Assume that a tunnel is dug through earth from North pole to south pole and that the earth is a non-rotating, uniform sphere of density `rho`. The gravitational force on a particle of mass m dropped into the tunnel when it reaches a distance r from the centre of earth is

To solve the problem of finding the gravitational force on a particle of mass \( m \) dropped into a tunnel through the Earth at a distance \( r \) from the center, we can follow these steps: ### Step 1: Understand the Setup We have a tunnel that goes straight through the Earth from the North Pole to the South Pole.
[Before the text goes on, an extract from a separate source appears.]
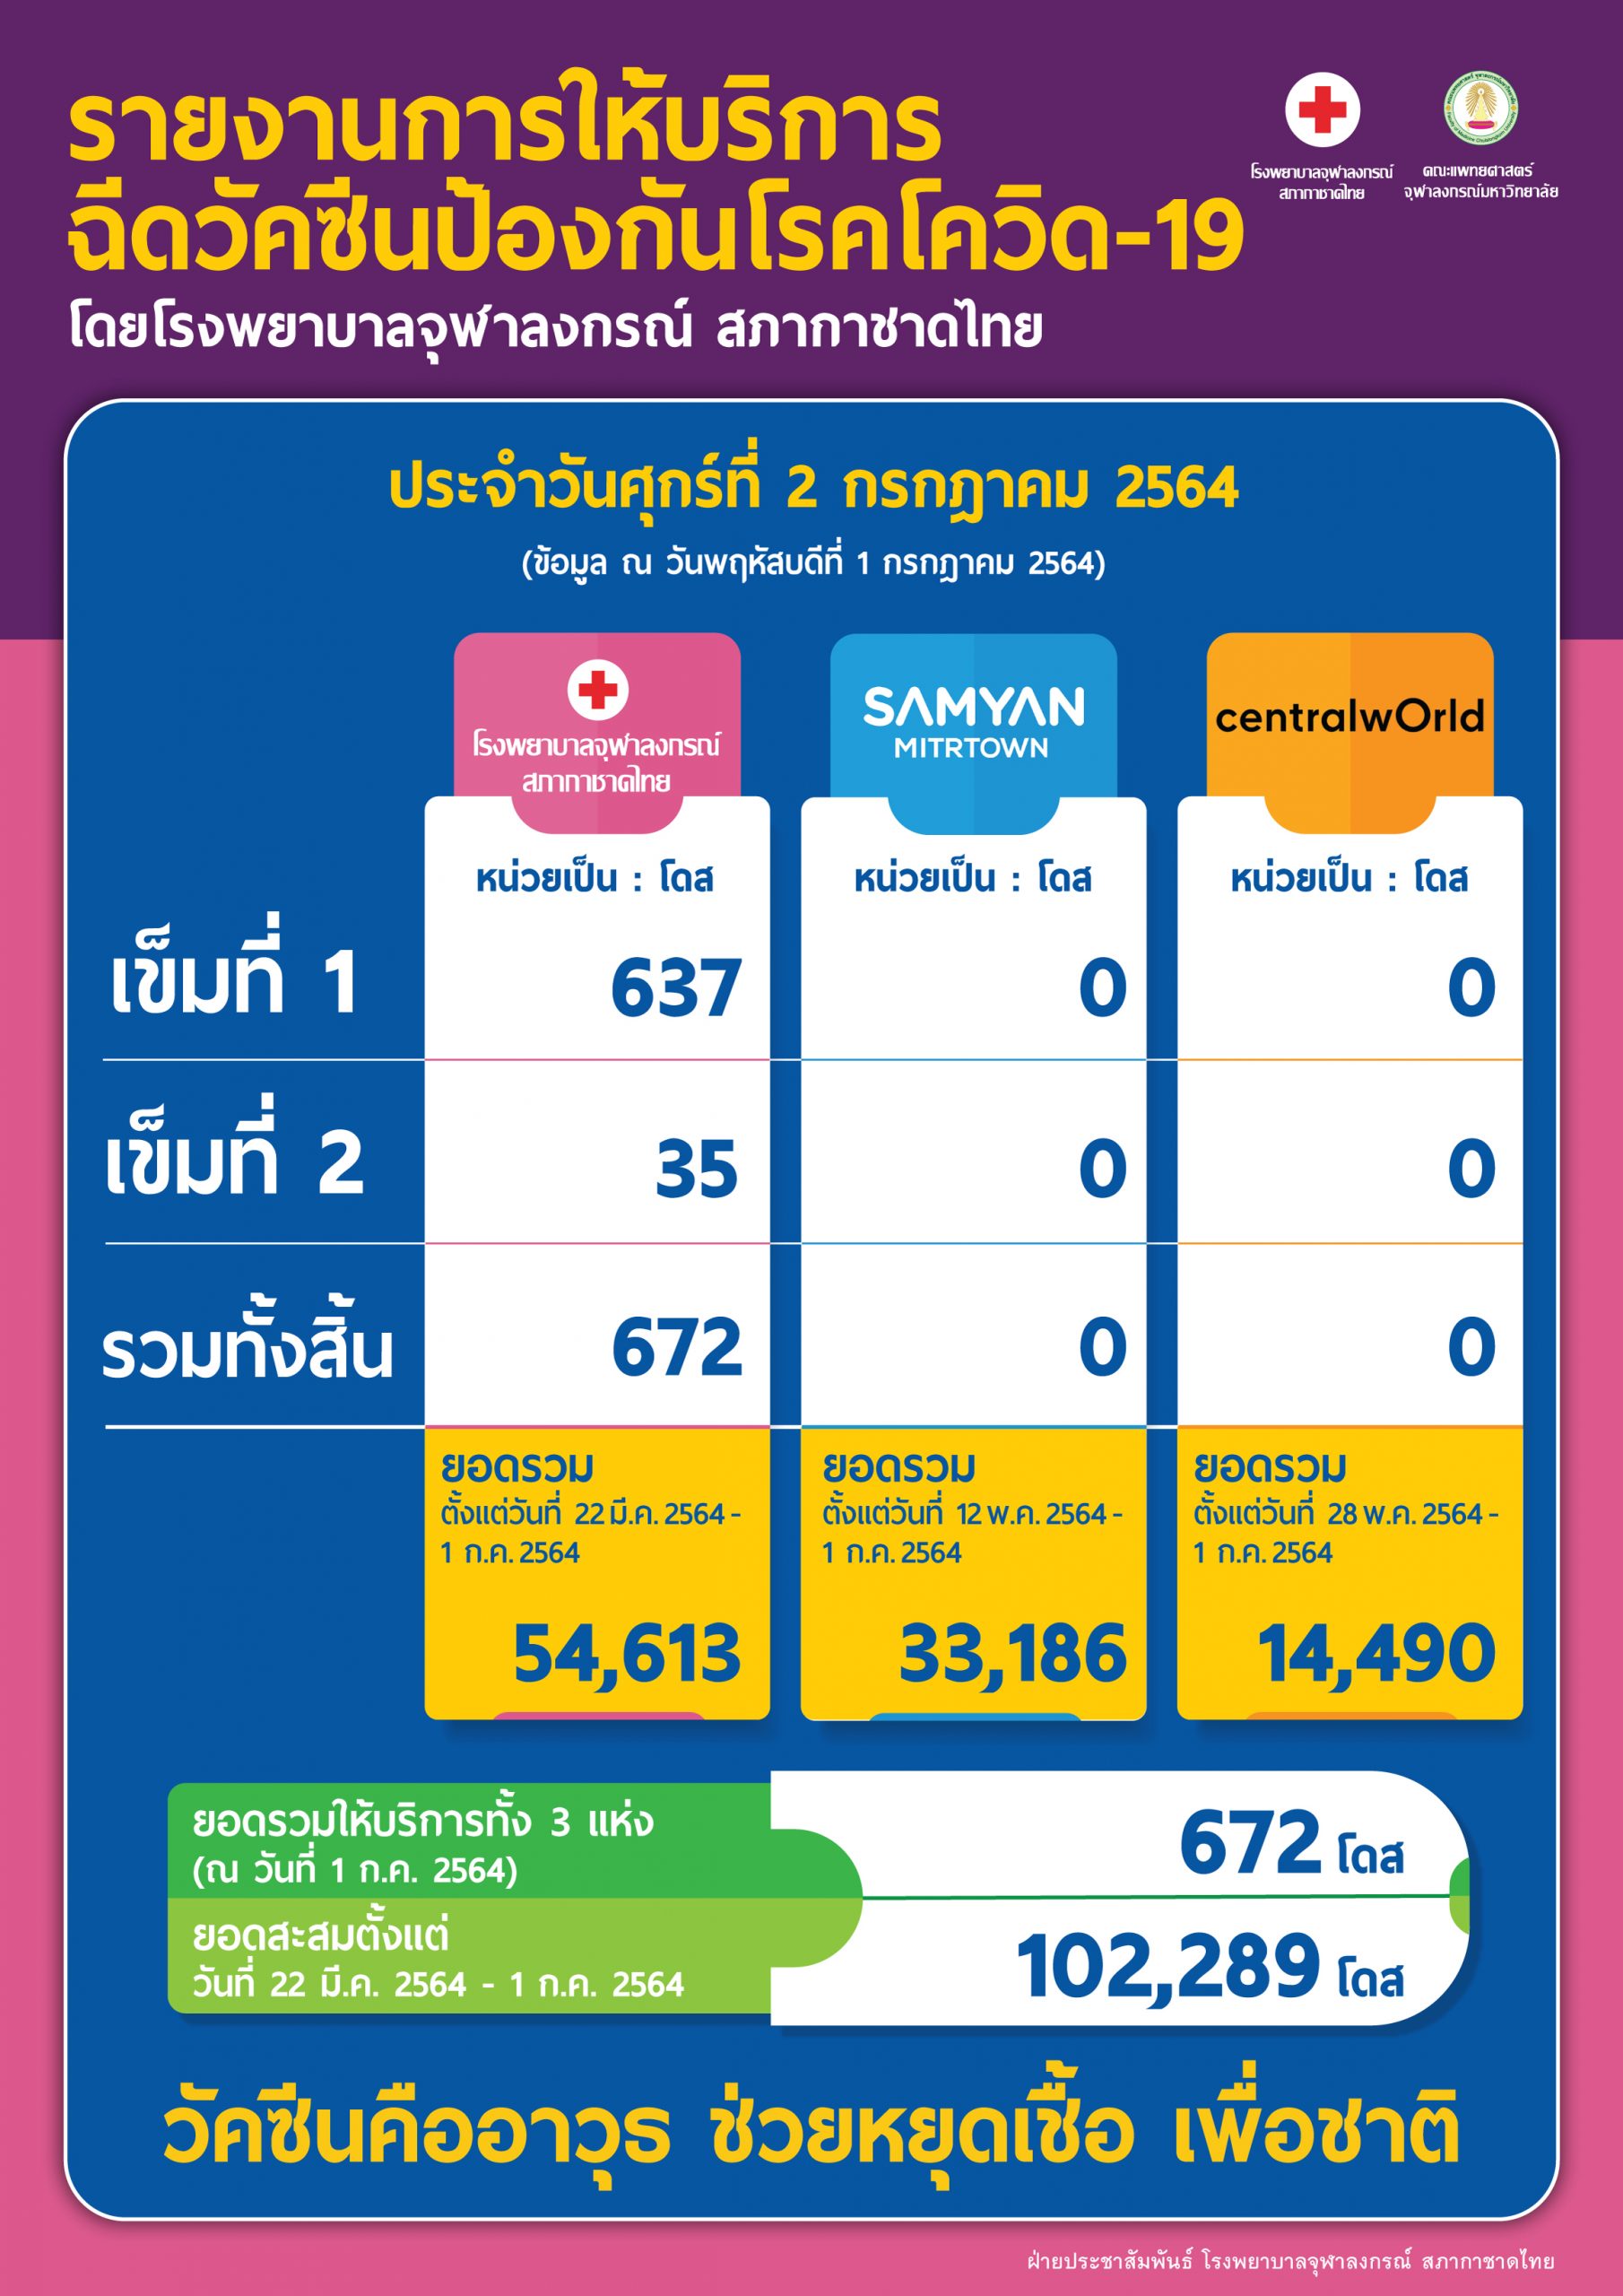 รายงานการให้บริการฉีดวัคซีนป้องกันโรคโควิด-19 โดยโรงพยาบาลจุฬาลงกรณ์ สภากาชาดไทย ประจำวันศุกร์ที่ 2 กรกฎาคม 2564

The Earth is treated as a non-rotating, uniform sphere with a constant density \( \rho \). ### Step 2: Identify the Relevant Variables - Let \( R \) be the radius of the Earth. - Let \( r \) be the distance from the center of the Earth to the particle of mass \( m \). - The mass of the Earth \( M \) can be expressed in terms of its density \( \rho \). ### Step 3: Calculate the Mass of the Earth The mass of the Earth can be calculated using the formula for the volume of a sphere: \[ M = \rho \cdot V = \rho \cdot \frac{4}{3} \pi R^3 \] ### Step 4: Determine the Gravitational Field Inside the Earth Inside the Earth, the gravitational field \( g' \) at a distance \( r \) from the center is given by: \[ g' = \frac{G \cdot M'}{r^2} \] where \( M' \) is the mass of the Earth enclosed within radius \( r \). ### Step 5: Calculate the Enclosed Mass \( M' \) The mass \( M' \) of the Earth enclosed within radius \( r \) is: \[ M' = \rho \cdot \frac{4}{3} \pi r^3 \] ### Step 6: Substitute \( M' \) into the Gravitational Field Equation Substituting \( M' \) into the equation for \( g' \): \[ g' = \frac{G \cdot \left(\rho \cdot \frac{4}{3} \pi r^3\right)}{r^2} \] This simplifies to: \[ g' = \frac{4}{3} \pi G \rho r \] ### Step 7: Calculate the Gravitational Force on the Mass \( m \) The gravitational force \( F \) acting on the mass \( m \) at distance \( r \) from the center is given by: \[ F = m \cdot g' = m \cdot \left(\frac{4}{3} \pi G \rho r\right) \] Thus, the gravitational force is: \[ F = \frac{4}{3} \pi G \rho m r \] ### Final Answer The gravitational force on a particle of mass \( m \) dropped into the tunnel when it reaches a distance \( r \) from the center of the Earth is: \[ F = \frac{4}{3} \pi G \rho m r \]